Depending on the nature of the ore being processed, and the downstream flowsheet, the benefits of pre-concentration can be:

  • Increased feed grade – by rejecting un-mineralised material, and upgrading the plant feed.
  • Reduced costs – lower process plant operating and downstream capital costs, including tailings disposal.
  • Improved recovery – higher feed grade improves grade/recovery performance.
  • Increased production – more product per tonne of ore treated.
  • Overall, the cut-off grade in the mine may be decreased, and mineral reserves and orebody utilisation increased.

Pre-concentration can also be linked to ore type characterisation, blasting versus milling optimisation, screening and other size classification methods post milling in order to ensure that downstream processing of the reduced mass of material is also more efficient and effective

“For example, multi-stage milling and flotation can be applied where the grind size and flotation conditions can be optimised in each stage to recover both coarse fast-floating particles followed by a regrind stage to liberate fine grains locked in gangue matrix. In this way a concentrate acceptable as smelter feed can be produced at high recovery and grade, for example with PGM ores.”

Ore sorting has been practised for many years but was generally labour intensive or applicable only to high value products, such as diamonds. More recently, advances in technology have allowed Lycopodium to exploit differences in other properties of ore.

Technology drives productivity

Depending on the specific technology and the nature of the sensor and deflection system, it is now often possible to handle very high feed-rates of bulk commodities such as iron ore, and in some cases the entire bulk stream can be processed instead of having to remove fines before the pre-concentration step.

Depending on the mineral composition of the stream, a sensor located under an in-pit conveyor utilising differences in magnetic resonance (MR) properties can detect parcels of mining dilution or low-grade ore as small as one tonne and activate a deflector to reject the parcel before it is processed any further.

Lycopodium can easily incorporate MR sorting into primary crusher product conveying systems.

Sorting on the basis of colour (such as white magnesite) or X-Ray fluorescence (diamonds) relies on the feed being closely sized, clean and well presented, so that individual rocks/particles can be deflected by an air blast after being detected by a sensor.
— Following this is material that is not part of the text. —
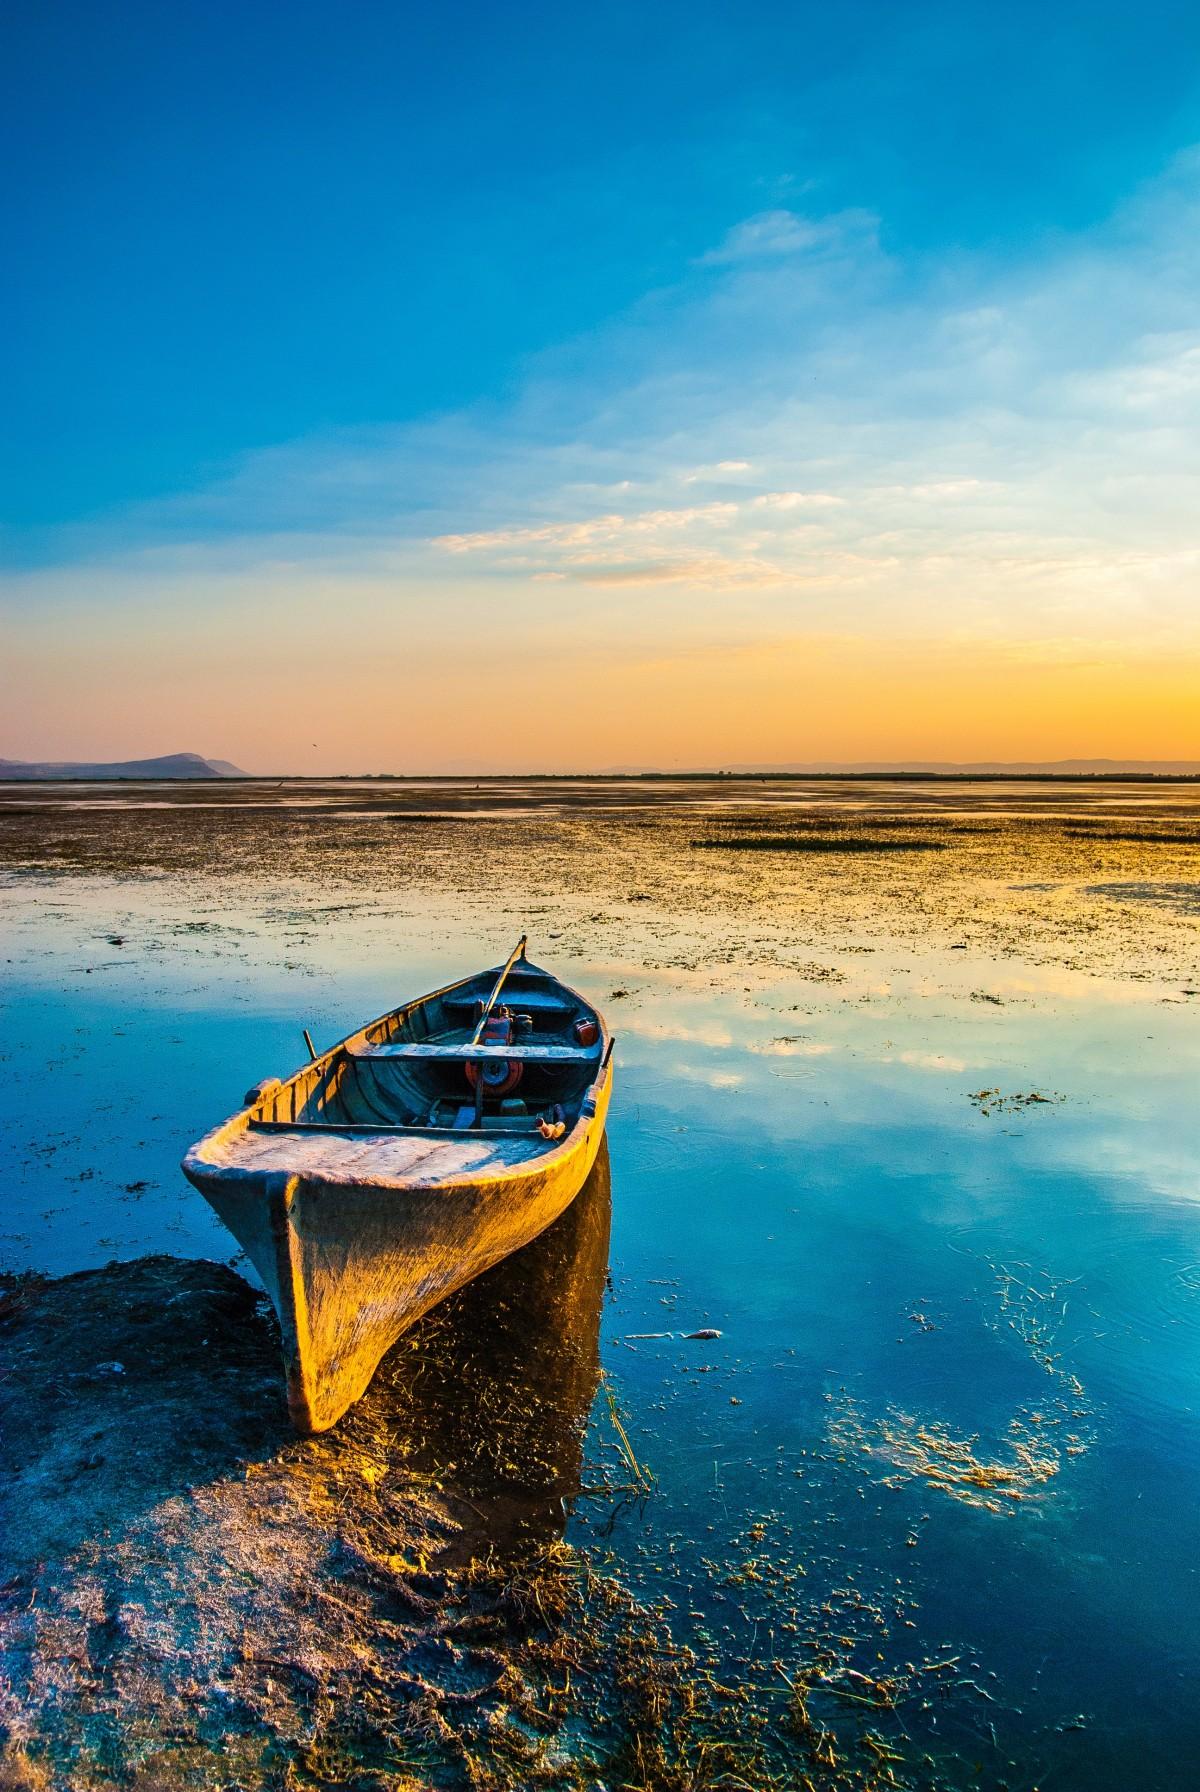 Iphone Cloud Wallpaper Free Images Beach Coast Sand Ocean Horizon Light

Again, Lycopodium can provide the necessary feed preparation and conveying systems for both products and rejects.

Density differences can be exploited in a variety of methods and Lycopodium has engineered many of them. For coarser size fractions, dense medium separation (DMS) using magnetite or ferrosilicon suspensions is well known for ferrous ores (iron and manganese), base metals (copper and PGM minerals), diamondiferous ores and indeed any ores in which there is an appreciable density difference from the gangue at particles over about 1 mm in diameter.
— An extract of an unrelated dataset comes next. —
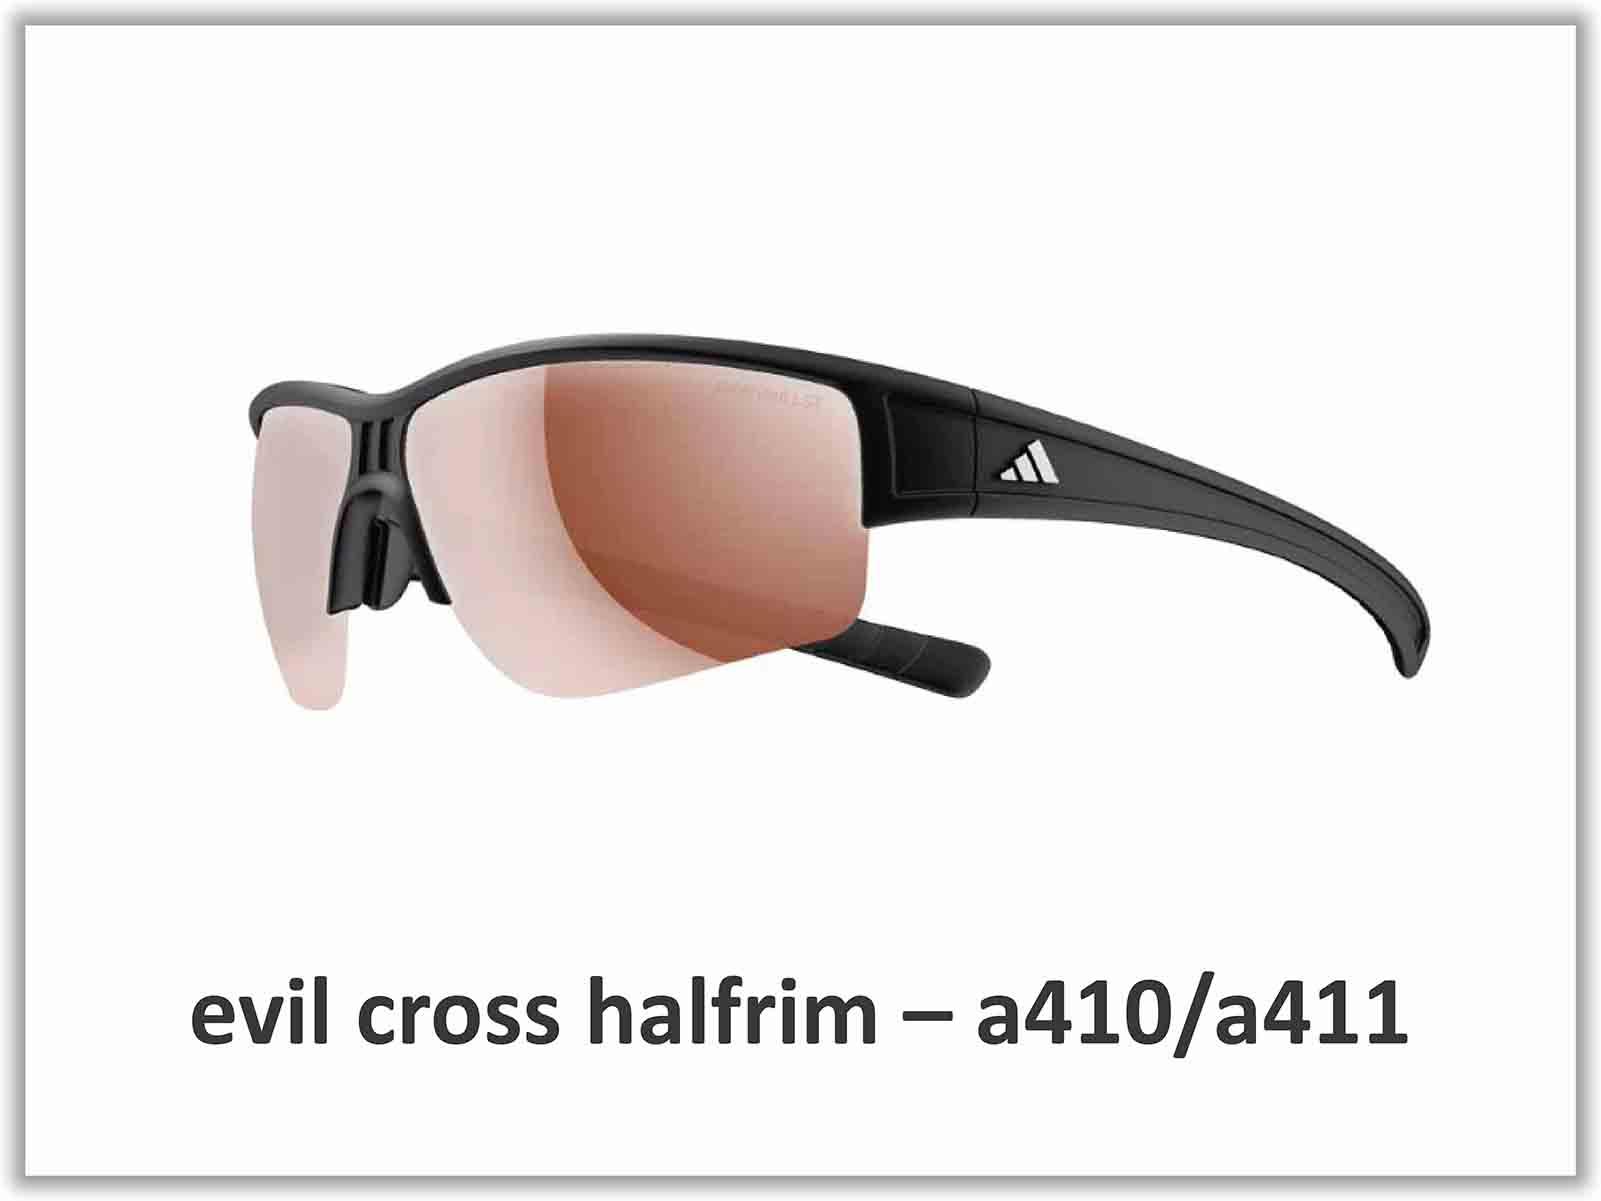 evil cross halfrim – a410/a411

Coarse particle flotation technology has been developed recently that will allow particles up to 1 mm, having as little as 1% hydrophobic surface area, to be floated effectively. This opens a possibility in the flowsheet in which a high pressure grinding rolls (HPGR) circuit produces a 1 mm top size feed to the coarse flotation plant. A relatively low grade rougher concentrate is produced, with high recovery of values, after which only the concentrate needs to be reground for further upgrading and cleaning to final product specifications. The potential savings in capital cost and energy consumption are most attractive.

“Lycopodium has been working on options to optimise the grinding circuit for a copper-gold processing plant using coarse particle flotation cells to produce a coarse concentrate for regrinding, and a ‘throw-away’ tail with greatly reduced grinding energy use.”

Lycopodium is an Australian headquartered international engineering and project management group servicing the global mineral resource sector with mineral processing, mine infrastructure, rail and maintenance planning expertise. The company has been operating within the resources sector for over 25 years and has offices in Cape Town, Johannesburg, Perth, Brisbane, Manila and Toronto.